Celine Gallagher et al. Heart. 2019 Sep.

Abstract

Objective: The aim of this study is to characterise hospitalisations due to atrial fibrillation (AF) compared with two other common cardiovascular conditions, myocardial infarction (MI) and heart failure (HF), in addition to the associated economic burden of these hospitalisations and contribution of AF-related procedures.

Methods: The primary outcome measure was the rate of increase of AF, MI and HF hospitalisations from 1993 to 2013. The rate of increase of AF-related procedures including cardioversion and ablation were also collected, in addition to direct costs associated with hospitalisations for each of these three conditions.

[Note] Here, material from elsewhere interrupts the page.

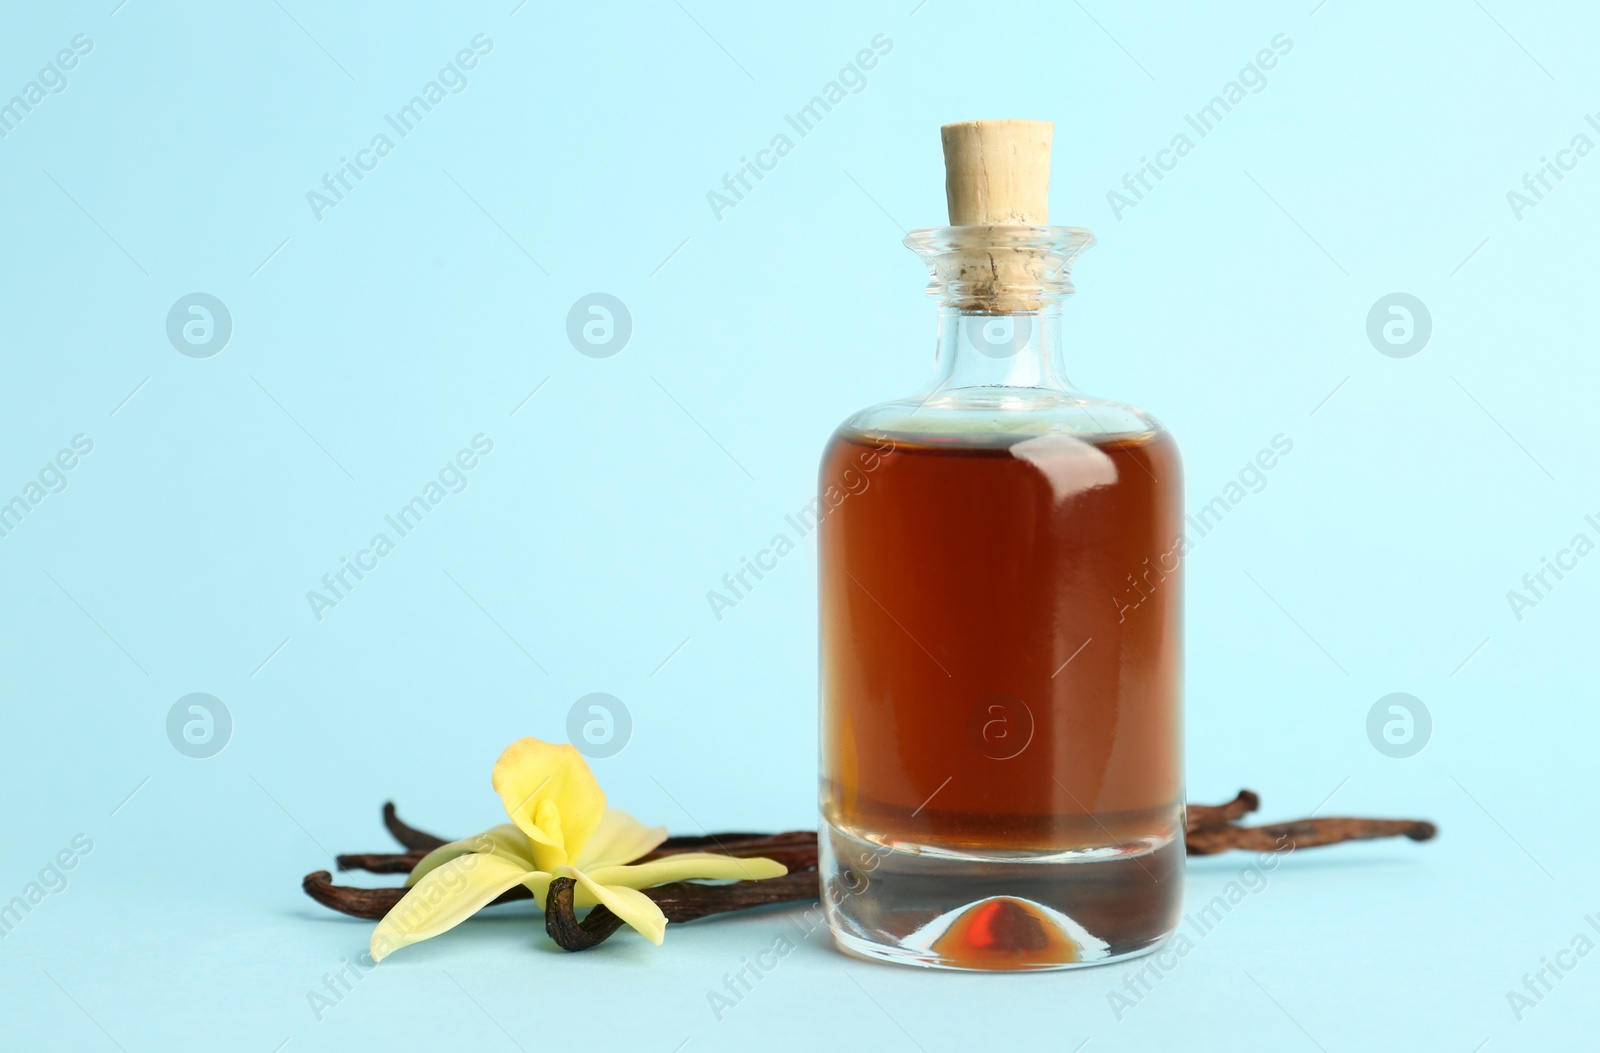 Photo of Aromatic homemade vanilla extract on light blue background

Results: AF hospitalisations increased 295% over the 21-year period to a total of 61 424 in 2013. In comparison, MI and HF hospitalisations increased by only 73% and 39%, respectively, over the same period. Considering population changes, there was an annual increase in AF hospitalisations of 5.2% (incidence rate ratio [IRR] 1.052; 95% CI 1.046 to 1.059; p<0.001). In contrast, there was a 2.2% increase per annum for MI (IRR 1.022; 95% CI 1.017 to 1.027; p<0.001) and negligible annual change for HF hospitalisations (IRR 1.000; 95% CI 0.997 to 1.002; p=0.78). Cardioversion and AF ablation increased by 10% and 26% annually, respectively. AF hospitalisation costs rose by 479% over the 21-year period, an increase that was more than double that of MI and HF.

Conclusions: The burden of AF hospitalisations continues to rise unabated. AF has now surpassed both MI and HF hospitalisations and represents a growing cost burden. New models of healthcare delivery are required to stem this growing healthcare burden.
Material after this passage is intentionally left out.